Na koniec pierwszego tygodnia Fortuna I Ligi, Bruk-Bet Termalica Nieciecza zremisowało z ŁKS-em Łódź 2:2. Pierwsza połowa spotkania należała do gości, w drugiej połowie gospodarze doprowadzili do wyrównania.
Łodzianie wyszli na prowadzenie już w czwartej minucie. Strzał Michała Mokrzyckiego ze skrzydła obronił bramkarz gospodarzy, jednak Łukasz Wiech niefortunnie skierował piłkę do własnej siatki.
- To dla nas bardzo cenny punkt - powiedział po meczu trener Bruk-Betu, Mariusz Rumak. - Wyszliśmy na prowadzenie, jednak gospodarze doprowadzili do wyrównania. Nie można nam jednak odmówić ambicji i walki. Remis jest sprawiedliwym wynikiem tego spotkania.
W 16. minucie ŁKS podwyższył prowadzenie. Płaskie dośrodkowanie z rzutu wolnego w pole karne wykorzystał Igor Strzałek.
W 38. minucie po faulu na Jakuba Tosikowskim sędzia podyktował rzut karny. Do piłki podszedł Antoni Młynarczyk i pewnym strzałem pokonał bramkarza ŁKS-u, Adriana Jana.
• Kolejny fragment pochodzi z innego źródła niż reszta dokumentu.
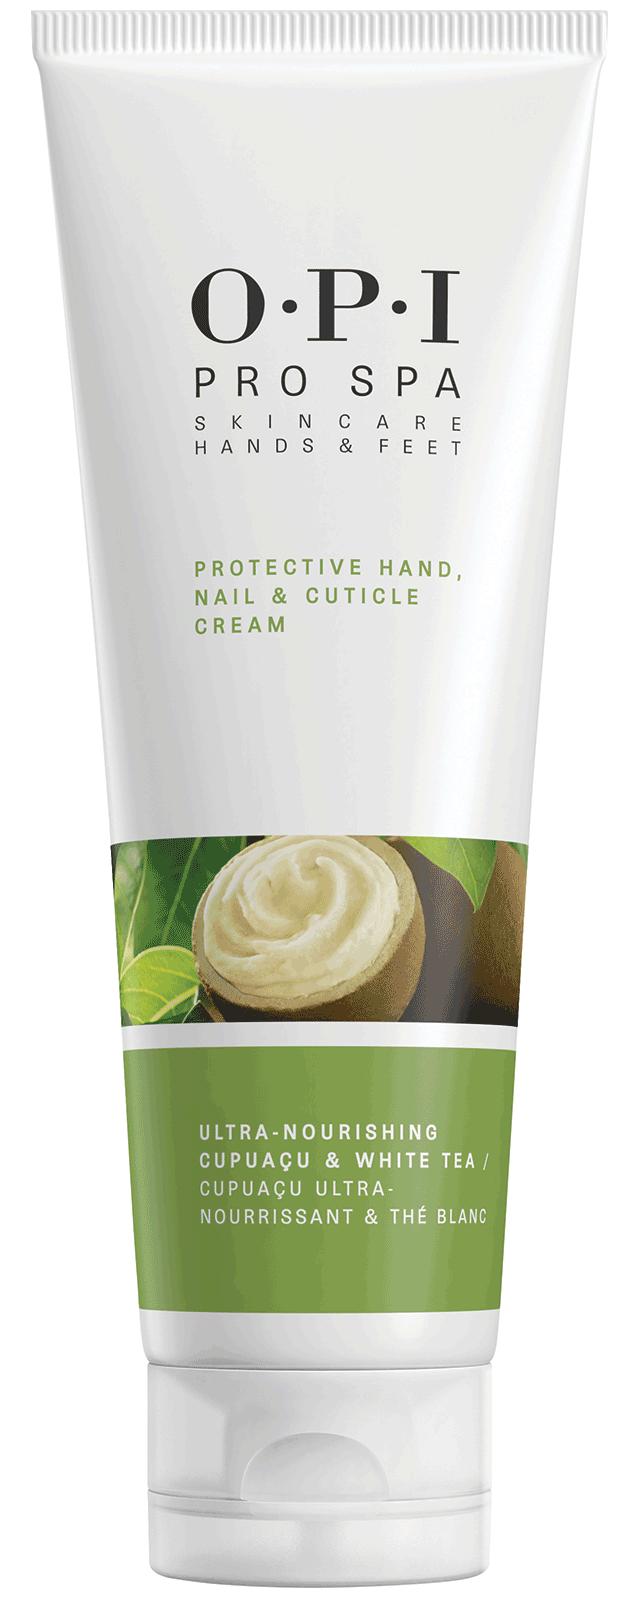 OPI Крем защитный для рук, ногтей и кутикулы / PRO SPA 118мл opi лосьон для рук и тела opi avoplex moisture replenishing lotion av711 30 мл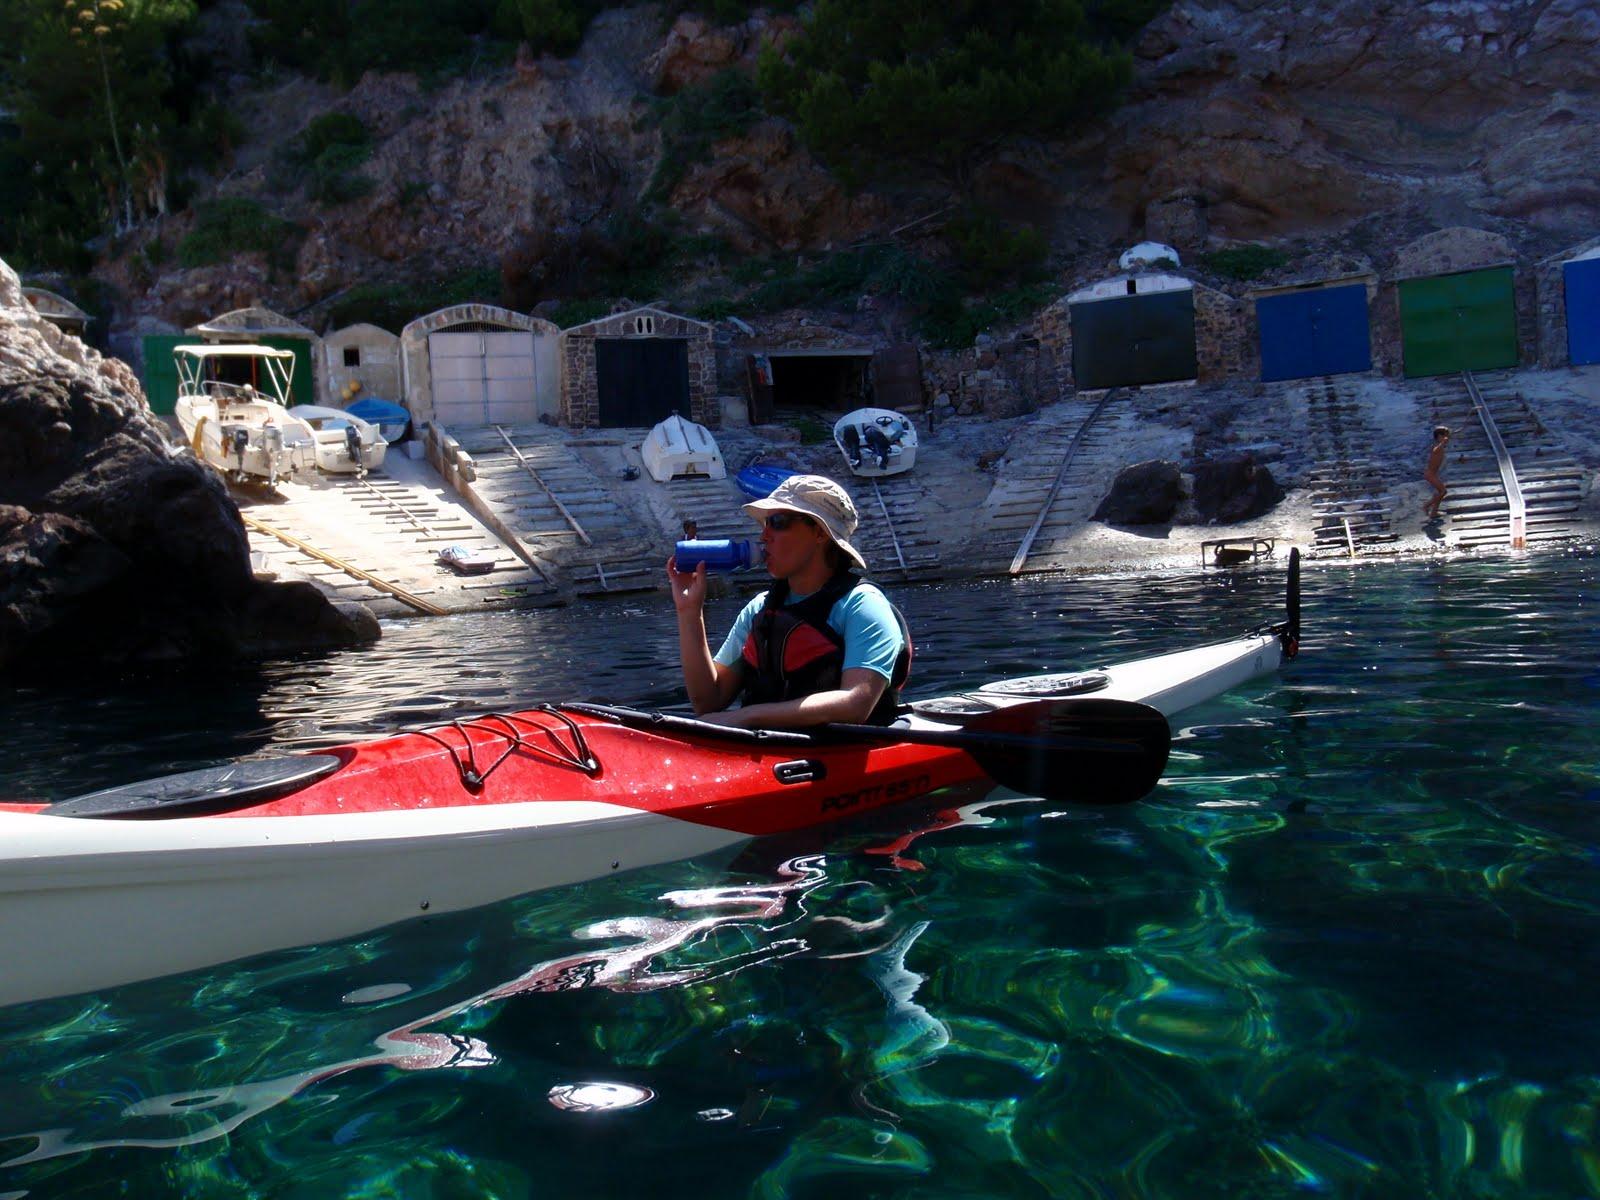 Mallorca t'estim!: S'Estaca

To piąty gol kapitana Bruk-Betu w tym sezonie.
Wynik ustalił w 76. minucie Mokrzycki, który wykorzystał zamieszanie w polu karnym gospodarzy i dopełnił formalności.
W następnej kolejce Bruk-Bet Termalica zagra na wyjeździe z GKS-em Tychy, a ŁKS Łódź podejmie na własnym stadionie Wisłę Kraków.